Authored by jansvoboda11 on Aug 22 2023, 6:43 PM.

Details

Summary

When loading (transitively) imported AST file, ModuleManager::addModule() first checks it has the expected signature via readASTFileSignature(). The signature is part of UNHASHED_CONTROL_BLOCK, which is placed at the end of the AST file. This means that just to verify signature of an AST file, we need to skip over all top-level blocks, paging in the whole AST file from disk. This is pretty slow.

This patch moves UNHASHED_CONTROL_BLOCK to the start of the AST file, so that it can be read more efficiently. To achieve this, we use dummy signature when first emitting the unhashed control block, and then backpatch the real signature at the end of the serialization process.

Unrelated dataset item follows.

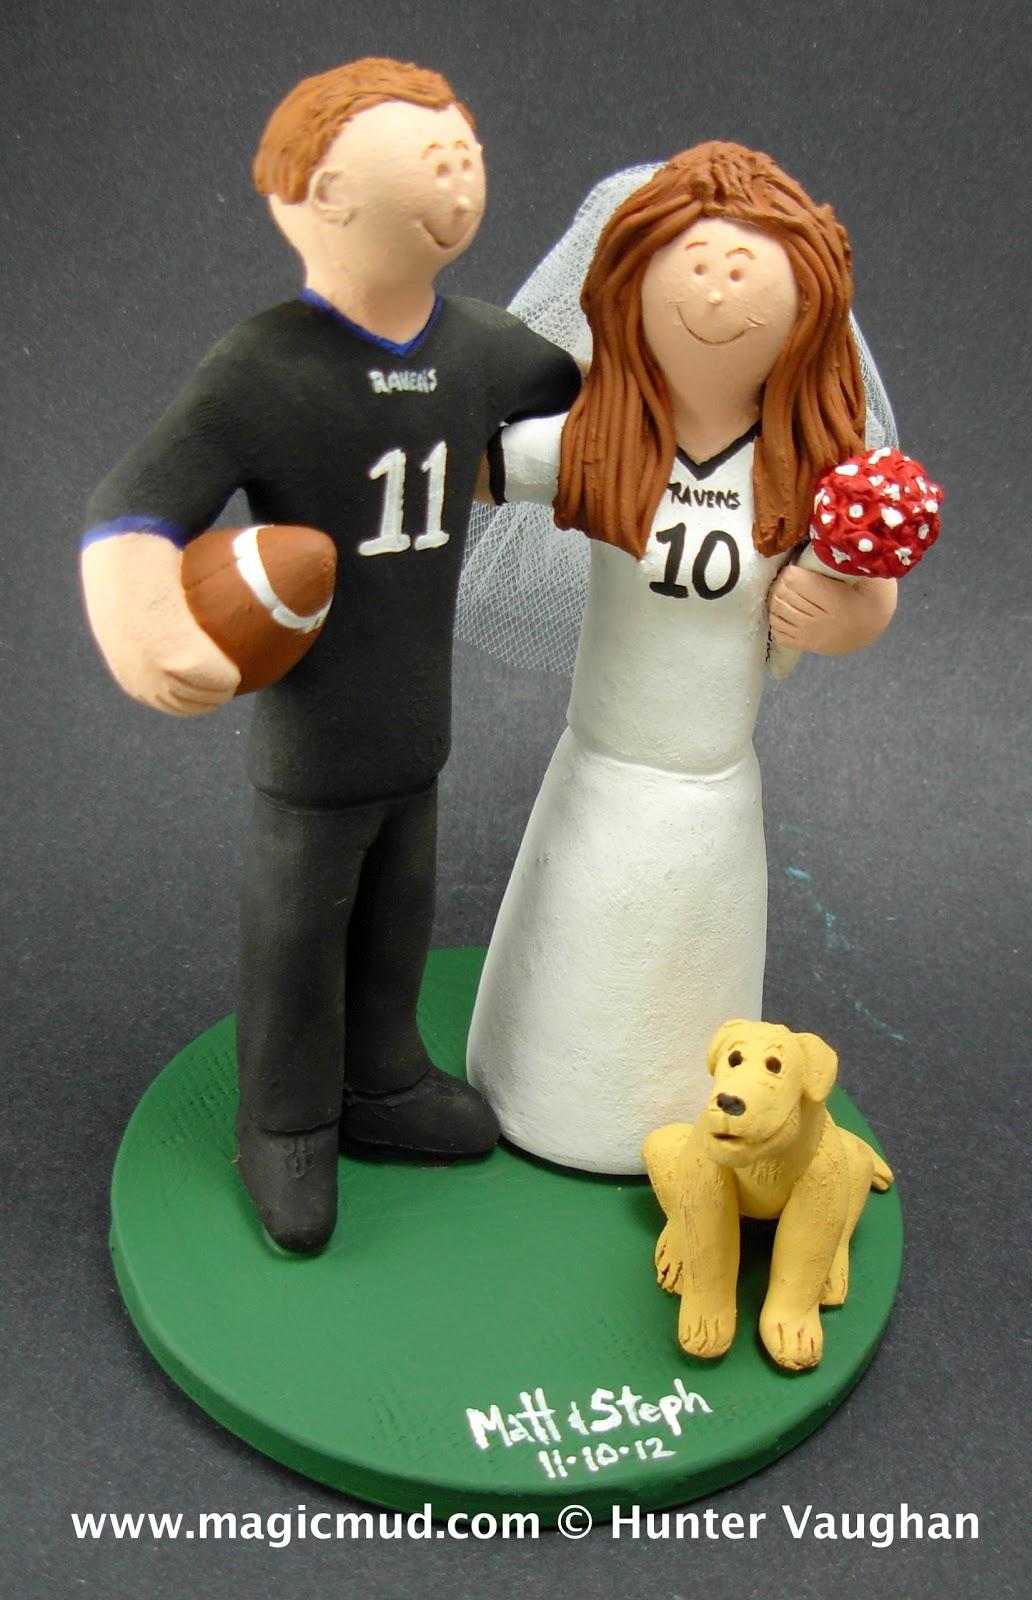 custom wedding cake toppers baltimore ravens fan 39 s wedding cake topper. Black Bedroom Furniture Sets. Home Design Ideas

This speeds up dependency scanning by over 9% and significantly reduces run-to-run variability of my benchmarks.

Depends on D158572.

Diff Detail

Event Timeline

jansvoboda11 created this revision.Aug 22 2023, 6:43 PM
Herald added a project: Restricted Project. · View Herald TranscriptAug 22 2023, 6:43 PM
jansvoboda11 requested review of this revision.Aug 22 2023, 6:43 PM
Herald added a project: Restricted Project. · View Herald TranscriptAug 22 2023, 6:43 PM
Herald added a subscriber: cfe-commits. · View Herald Transcript
benlangmuir added inline comments.Aug 23 2023, 10:57 AM
clang/lib/Serialization/ASTReader.cpp
2685

uint8_t has no endianness and has alignment 1 anyway; you can just load it directly or use the same implementation as ASTFileSignature::create

clang/lib/Serialization/ASTWriter.cpp
1143–1172

I wonder if we should hoist these dummy values to the ASTFileSignature type and then assert that they are never read from an ASTReader

1152

We don't need an endian writer when it's bytes

1161

Nit: I think this would be clearer with an early-exit now that it's in a separate function.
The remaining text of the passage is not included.